„Fräulein Draußen“ von Kathrin Heckmann

„Back to the roots“ liegt gerade in der Pandemie voll im Trend. Das trifft auf das erste Werk der Autorin Kathrin Heckmann doppelt zu. Heckmann kennen bereits viele Internet-affine Outdoorliebende seit Jahren durch ihren gleichnamigen Wanderblog „Fräulein Draußen“. Als Bloggerin begab sie sich quasi zurück zu den Wurzeln des Schreibens also von der Webseite zurück zum gedruckten Werk. Inhaltlich dreht sich bei Heckmann ohnehin alles um Wurzeln, über die sie zwangsläufig marschiert, wenn sie irgendwo in der Welt ihre Schuhe schnürt und zur nächsten Wanderung aufbricht.

Jedes Projekt beginnt mit dem ersten Schritt und wenn es ums Draußen sein geht, eignet sich dafür auch der eigene Balkon.

Nun könnte man meinen, dass das Werk „Fräulein Draußen“ nur so wimmelt von gefährlichen, risikoreichen Anekdoten, schließlich berichtet sie unter anderem von ihren Wanderungen in Alaska und Australien – Regionen, in denen sie sicherlich genug Stoff gefunden hat, um spannende Abenteuergeschichten aufs Papier zu bringen. Wer so etwas in ihrem Werk sucht, wird sicherlich enttäuscht sein. Die Sucht nach Anerkennung als Frau alleine in der Wildnis unterwegs zu sein, findet sich an keiner Stelle in diesem Buch. Vielmehr verrät der Untertitel „Wie ich unterwegs das Große in den kleinen Dingen fand“, wohin diese wunderbare Reise geht.

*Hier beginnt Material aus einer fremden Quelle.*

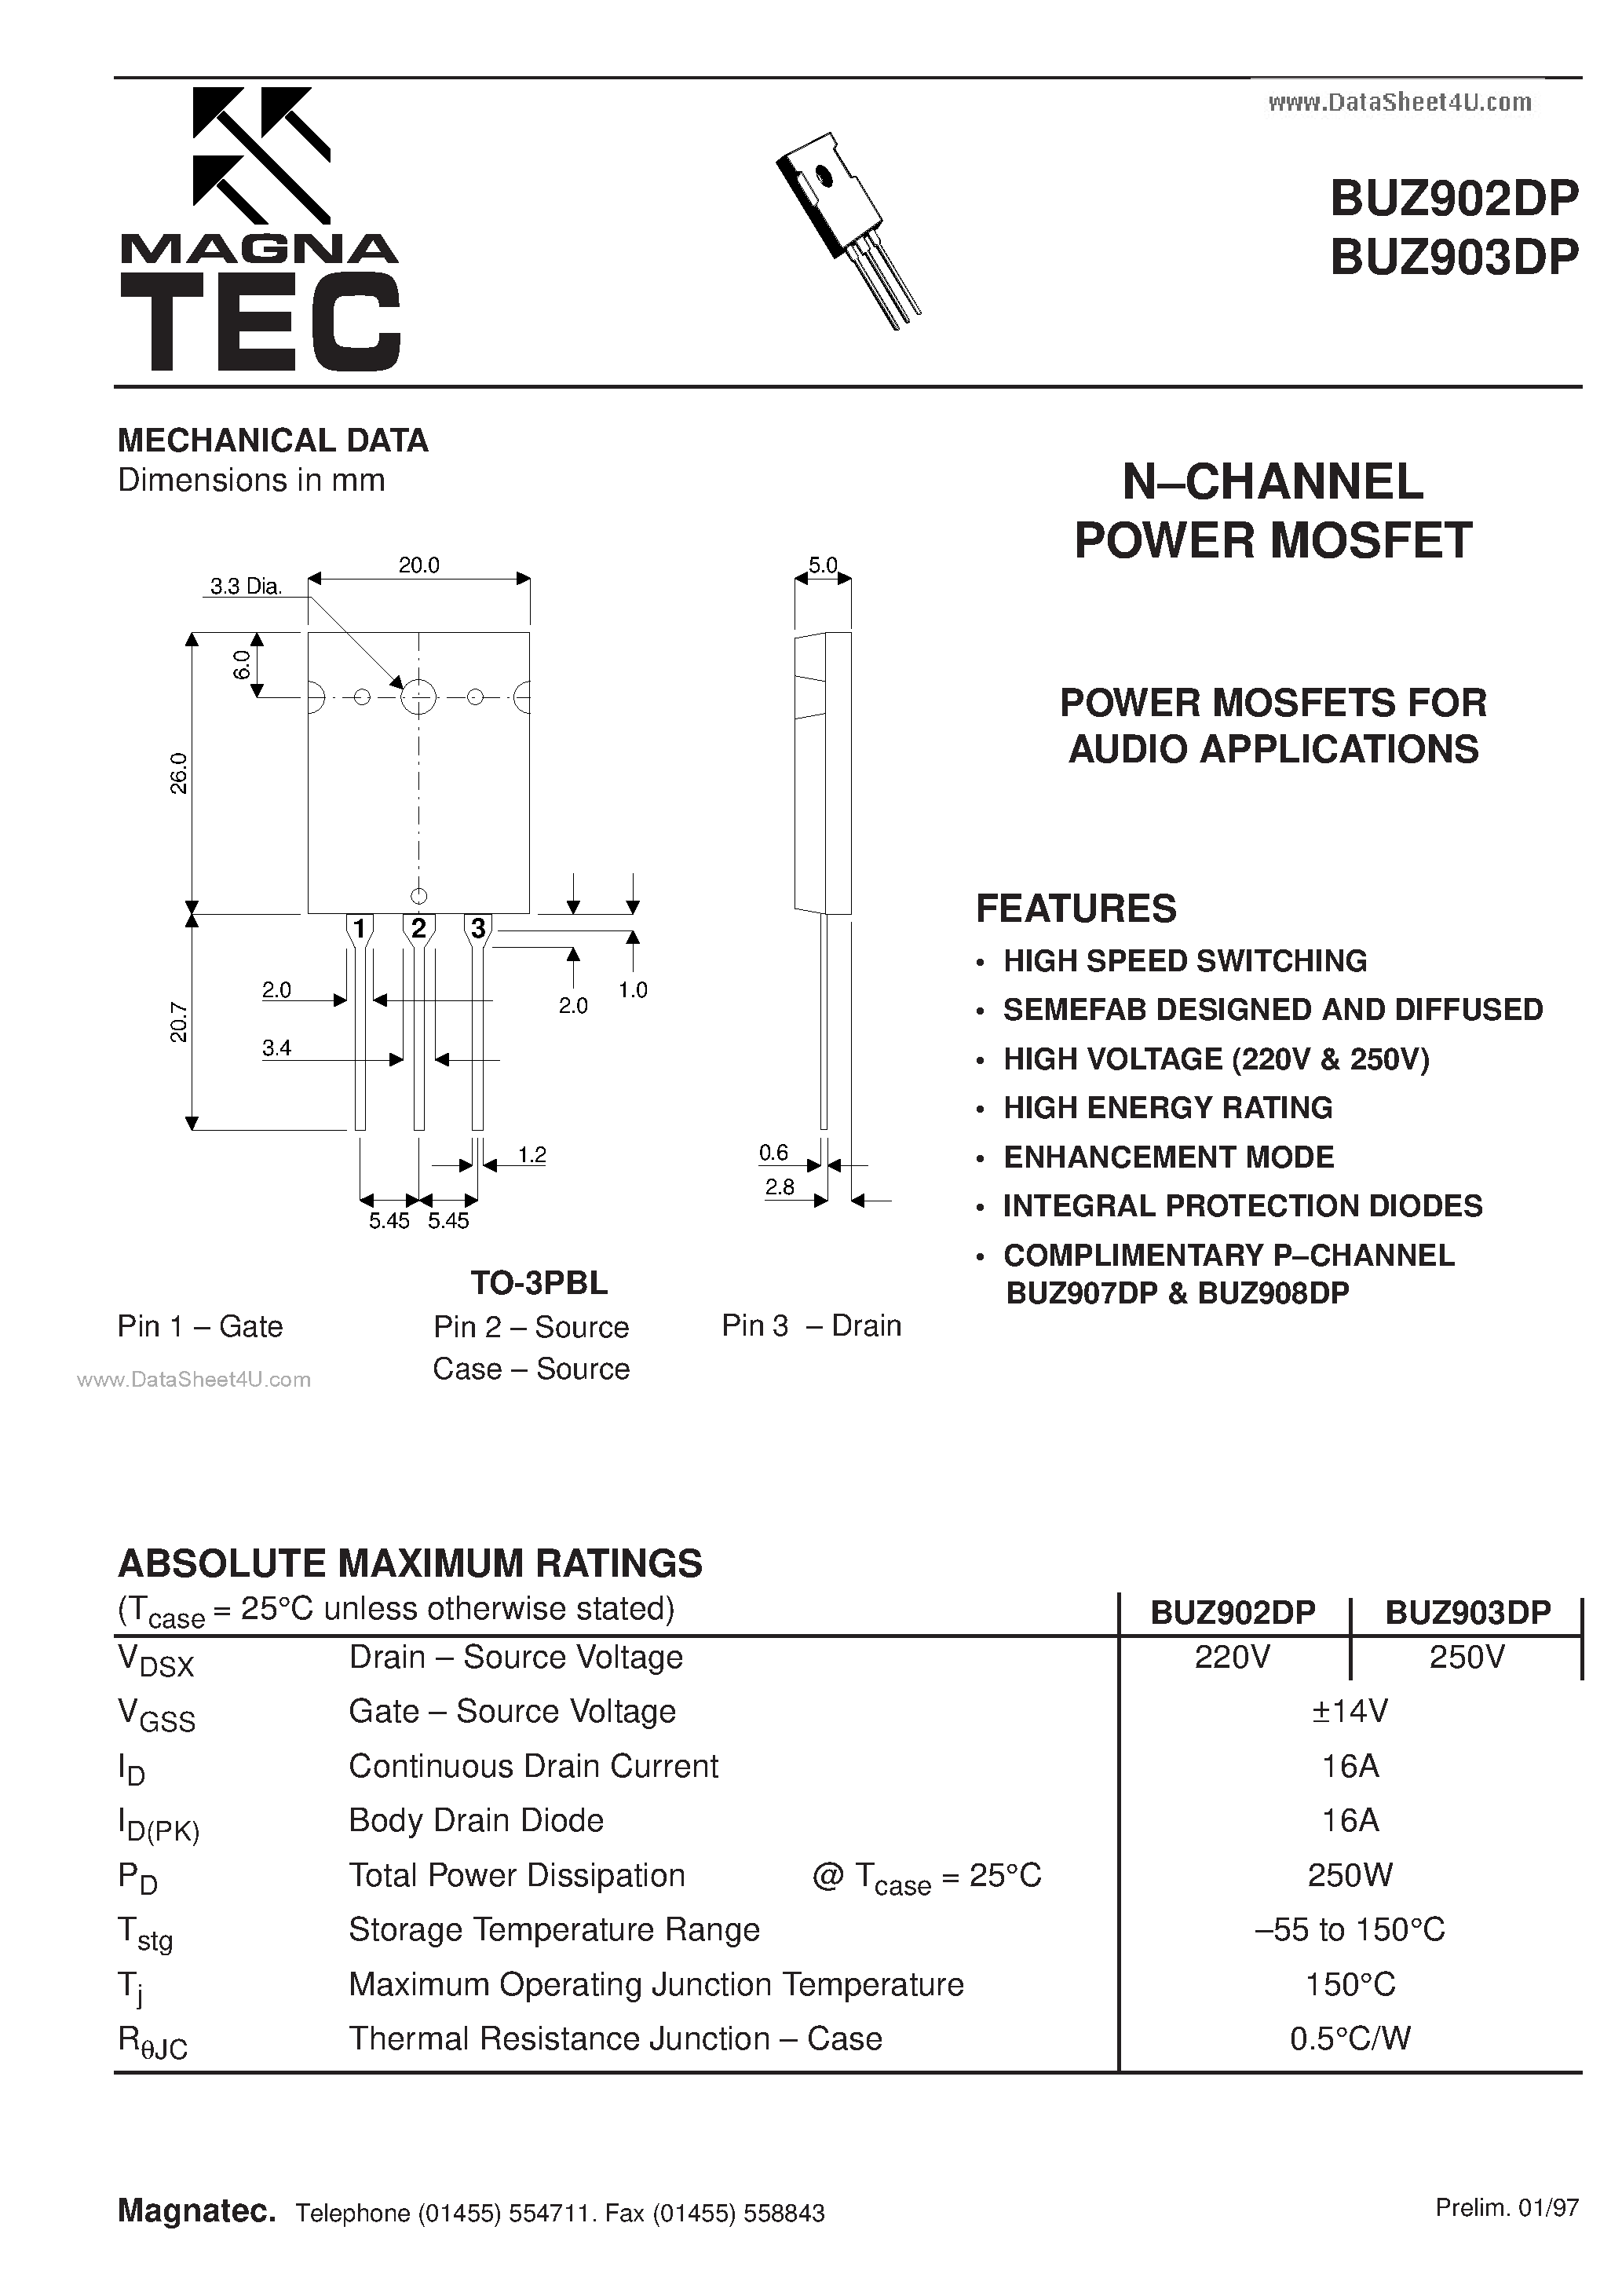 Даташит BUZ902DP - (BUZ902DP / BUZ903DP) N CHANNEL POWER MOSFET страница 1

Heckmann schreibt offen und ehrlich über ihre Anfänge des Wanderns in der Natur. Sei es über ihre Neugierde einen Vogellaut zu folgen, der sie dazu gebracht hat, sich aus dem wohligen Schlafsack herauszuschälen, sei es über die allererste Nacht alleine in einem Zelt in den Highlands von Schottland mit Blick auf den Mietwagen in Sichtweite. Sie schreibt so angenehm unaufgeregt über diese Anfänge und hat es nicht nötig, sich für diese kleinen ersten Schritte selbst abzufeiern.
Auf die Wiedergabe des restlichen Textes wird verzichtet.